I changed from TCP to UDP and the problem went away, then I ran another experiment I kept the TCP logging but changed the puma configuration from clustered (multiple workers), to single mode (single worker, multiple threads) and the problem also disappeared.
Because my EC2 instances are all single core I am happier with TCP plus single worker combo.
@cabello If you look carefully at the stacktrace above, you'll see that Lograge is involved here. The specific line of code is here: https://github.com/roidrage/lograge/blob/ced03c55419b7f131706b476b26be8c5cd90041b/lib/lograge/rails_ext/rack/logger.rb#L17
After each request, Lograge is forcing a flush. This is done in the foreground (application) thread. Normally, LogStashLogger will do regular flushes from a background thread in order to avoid interfering with the application thread and potentially blocking it.
It doesn't surprise me that UDP doesn't suffer from the same issue, because UDP is designed to not wait for a response.
I wasn't aware of this, but apparently Rails::Rack::Logger
is actually designed to flush all logs after every request. See https://github.com/rails/rails/blob/010e246756c09f44e901f4fd8e8eab2cb3022e95/railties/lib/rails/rack/logger.rb#L43
In that case, LogstashLogger::Device::Connectable#flush
ought to be designed to flush in the background by default.

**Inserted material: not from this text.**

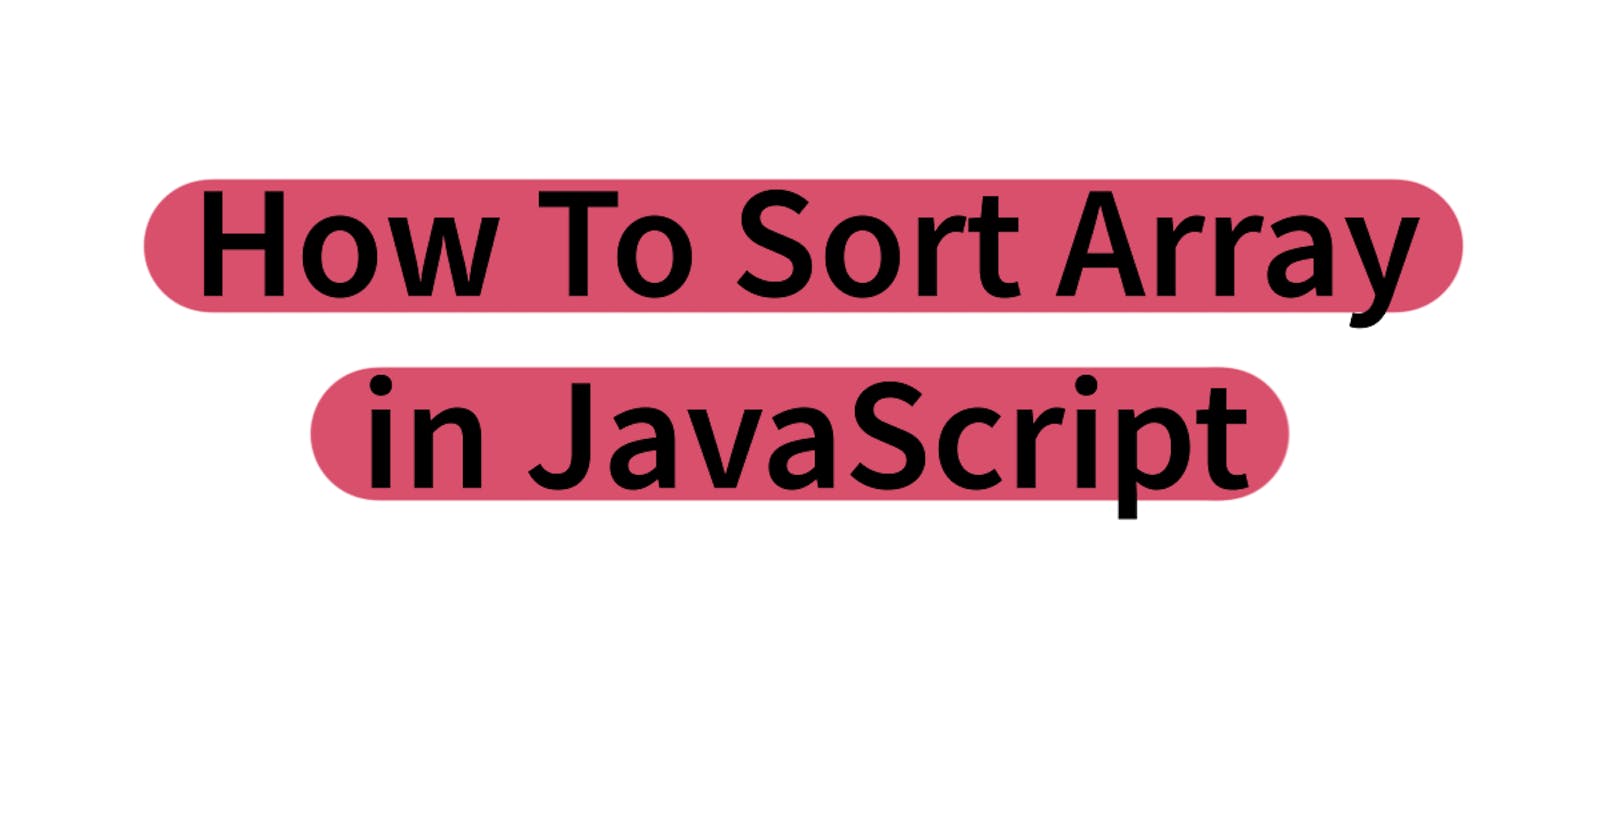 How To Sort Array in JavaScript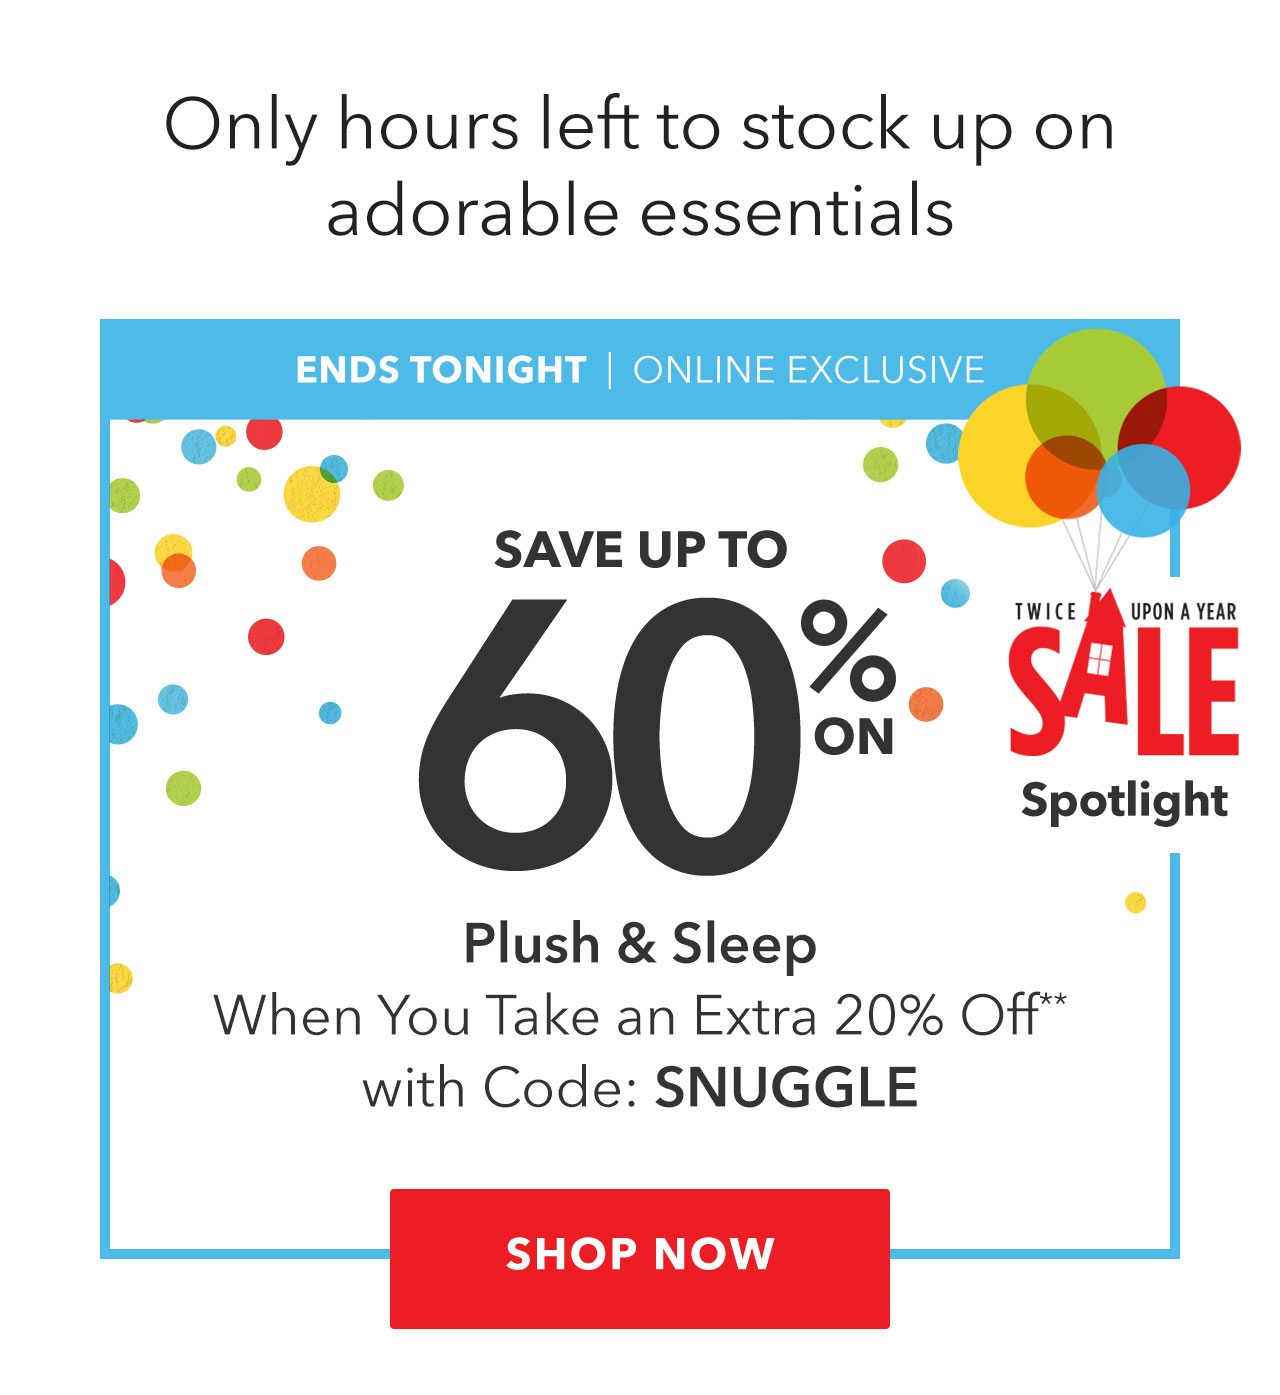 Save Up to 60% on Plush & Sleep When You Take an Extra 20% Off with Code: SNUGGLE | Shop Now

After looking at the code some more, I realized that just calling reconnect
will not actually clean up the timer thread on the buffer. I exposed a new reset
method in #138 which should actually initialize a new timer thread (as well as cleaning up any other resources allocated by the logger).
As for the issue with flush
, my thought is to have a configuration option which disables manual flushing for buffered devices. If this option is turned on, calling flush
will have no effect. The flush will happen anyway on a timer.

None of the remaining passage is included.